Since the linked thread which suggests that adding intel_iommu=on iommu=pt is regarding the stock debian kernel (in version 5.10) I would assume that it's not affecting only PVE, but would also affect other Linux distributions with a somewhat current kernel (for new systems booted in legacy mode, which is also something that is not too common in my experience)
Do you recommend to add "intel_iommu=on iommu=pt" to all systems, even those that start without any problems? I have multiple DL360G6 proxmox clusters, some start, others need to be started using the old kernel which is quite weird IMHO. Same hardware, same install, same version.

Another thing:
dpkg --get-selections | grep ^pve-kernel pve-kernel-5.13 hold pve-kernel-5.13.19-6-pve hold pve-kernel-5.15 install pve-kernel-5.15.35-1-pve install pve-kernel-helper install
When running "apt update" I see there is a new kernel with the same package version:
apt list --upgradable 2>/dev/null | grep pve-kernel-5.15.35-1-pve pve-kernel-5.15.35-1-pve/stable 5.15.35-3 amd64 [upgradable from: 5.15.35-2]
As I am at 1000km from these clusters, I hesitate to upgrade, or will this fix the issue?

R.
 
Hi,

I switched to UEFI mode on the server and reinstalled Proxmox. Seems it is working this way, but not everybody has the option to reinstall the server, if it`s in production:

1652949951700.png
 
Do you recommend to add "intel_iommu=on iommu=pt" to all systems,
no - blindly adding options to the kernel commandline, which are needed in a few (more or less well defined cases) - is never a good idea!

some other servers (also hp gen8, but seemingly with a different BIOS version/Raid controller) for example only seem to boot cleanly if you set `intel_iommu=off`


As I am at 1000km from these clusters, I hesitate to upgrade, or will this fix the issue?

the change between 5.15.35-3 and 5.15.35-2 are related to some aquantia 10gig NICs (which are very unlikely to be in a very old machine as the dl360g6 - so no this will not guarantee to fix the issue

If the servers are so far away - can you connect to them via IPMI/iLO? (those changes can also be made via iLO)
if not - I'd suggest to schedule a maintenance window where someone is close to the servers to get them started properly some time not too far in the future
(running an old kernel, which does not get any updates anymore is not a good choice from a security perspective)
 
no - blindly adding options to the kernel commandline, which are needed in a few (more or less well defined cases) - is never a good idea!

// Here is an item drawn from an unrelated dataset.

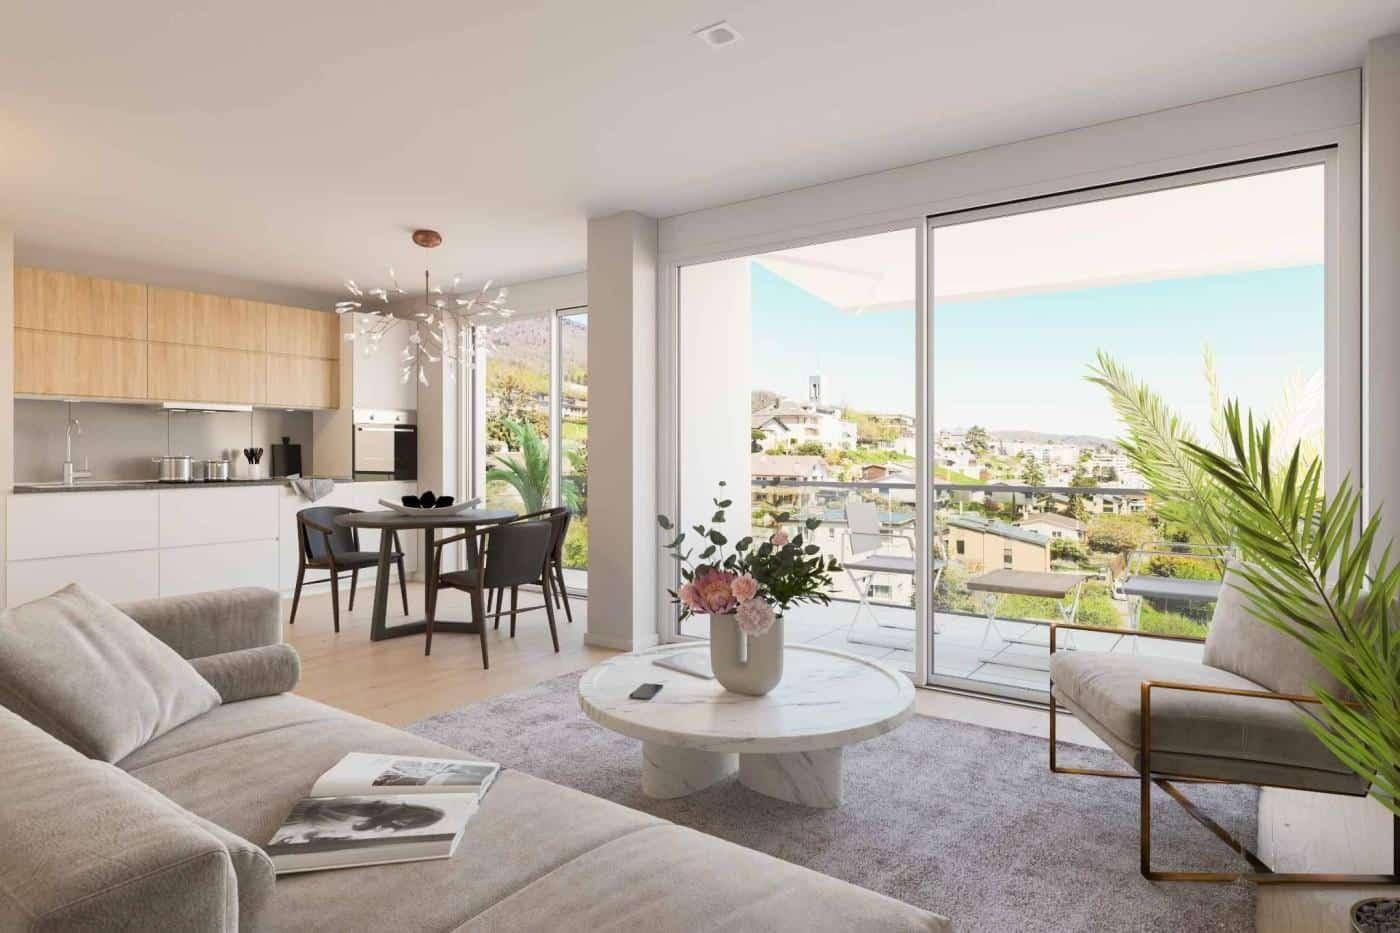 À vendre : Appartement 1 chambres Neuchâtel - Ref : 34709 | Naef Immobilier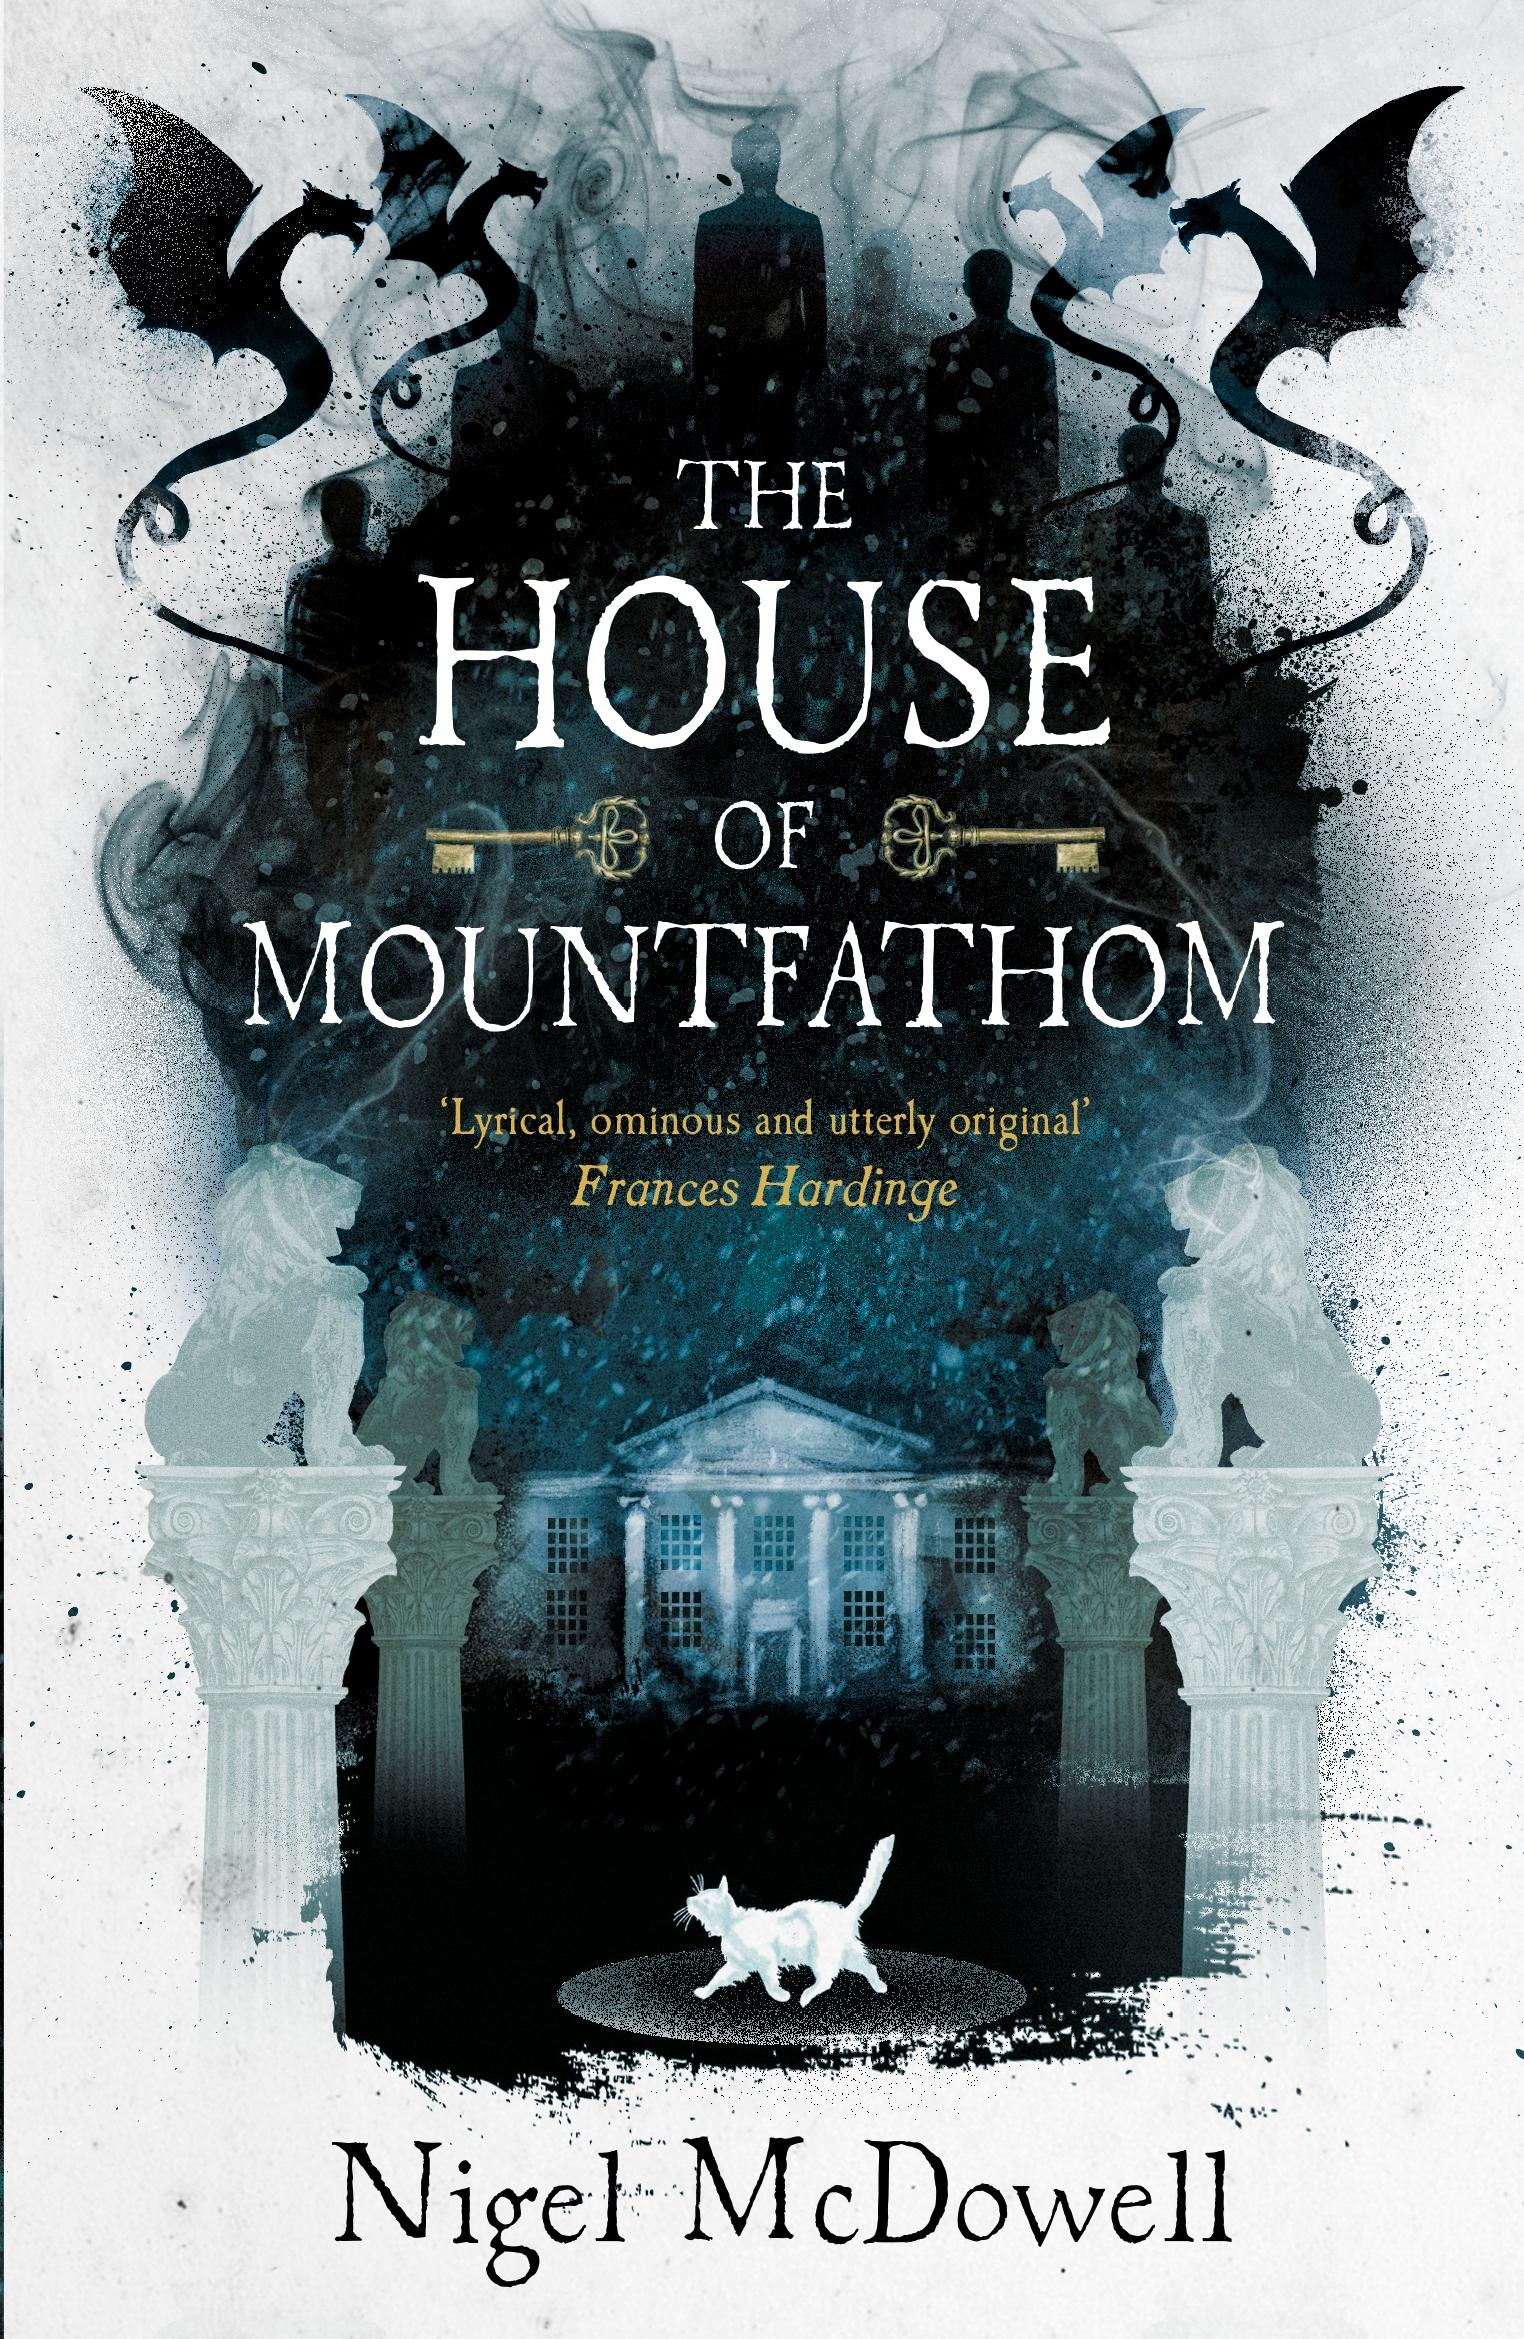 The House of Mountfathom by Nigel McDowell

some other servers (also hp gen8, but seemingly with a different BIOS version/Raid controller) for example only seem to boot cleanly if you set `intel_iommu=off`




the change between 5.15.35-3 and 5.15.35-2 are related to some aquantia 10gig NICs (which are very unlikely to be in a very old machine as the dl360g6 - so no this will not guarantee to fix the issue

If the servers are so far away - can you connect to them via IPMI/iLO? (those changes can also be made via iLO)
if not - I'd suggest to schedule a maintenance window where someone is close to the servers to get them started properly some time not too far in the future
(running an old kernel, which does not get any updates anymore is not a good choice from a security perspective)
The issue is that these DL360G6 servers are from the same batch with equal hardware and equal firmware. I have access to ILO, but not to the console. I can ask a collegue to keep an eye on the boot process, but I'd rather do that myself.

Another thing is: why change the kernel in stable versions? 7.1 to 7.2 is not a major upgrade like 7.x to 8.x. It is just to avoid these inprevisible issues where only patches should be applied. "Proxmox stable" != "Proxmox testing". Due to other upgrades you force us to install this newer kernel with the risk of issues. Update and upgrade are different things IMHO ;-)
 
Another thing is: why change the kernel in stable versions? 7.1 to 7.2 is not a major upgrade like 7.x to 8.x.
That's something Proxmox VE has been doing since at least 3 major releases.
PVE uses the kernel's from Ubuntu (with a few patches on top) and thus we follow their release-cycle - and 5.13 is the kernel for ubuntu 21.10 - it's not an LTS kernel and does not get any security updates anymore - now (and almost certainly for the rest of the 7.X release of PVE) it follows the
kernel 5.15 from 22.04 (which is both a LTS kernel and LTS Ubuntu release).

The changes of the default kernel series are (again can only speak for the past 4 years) always done on PVE point releases (7.1 -> 7.2 in this case)

Due to other upgrades you force us to install this newer kernel
it gets pulled in by default - yes, but you can always pin to a other kernel.
The more important point here is IMHO - that we ship it as default kernel, as it's the one kernel that gets security updates.

While I see that new kernel series do come with some changes that require manual adapting of configs on certain systems - it's nothing that happens to a large range of systems (else I'd assume that our internal testlab (compromising different pieces of hardware of the past 10 years) would have shown this, or we would have more reports on our support channels.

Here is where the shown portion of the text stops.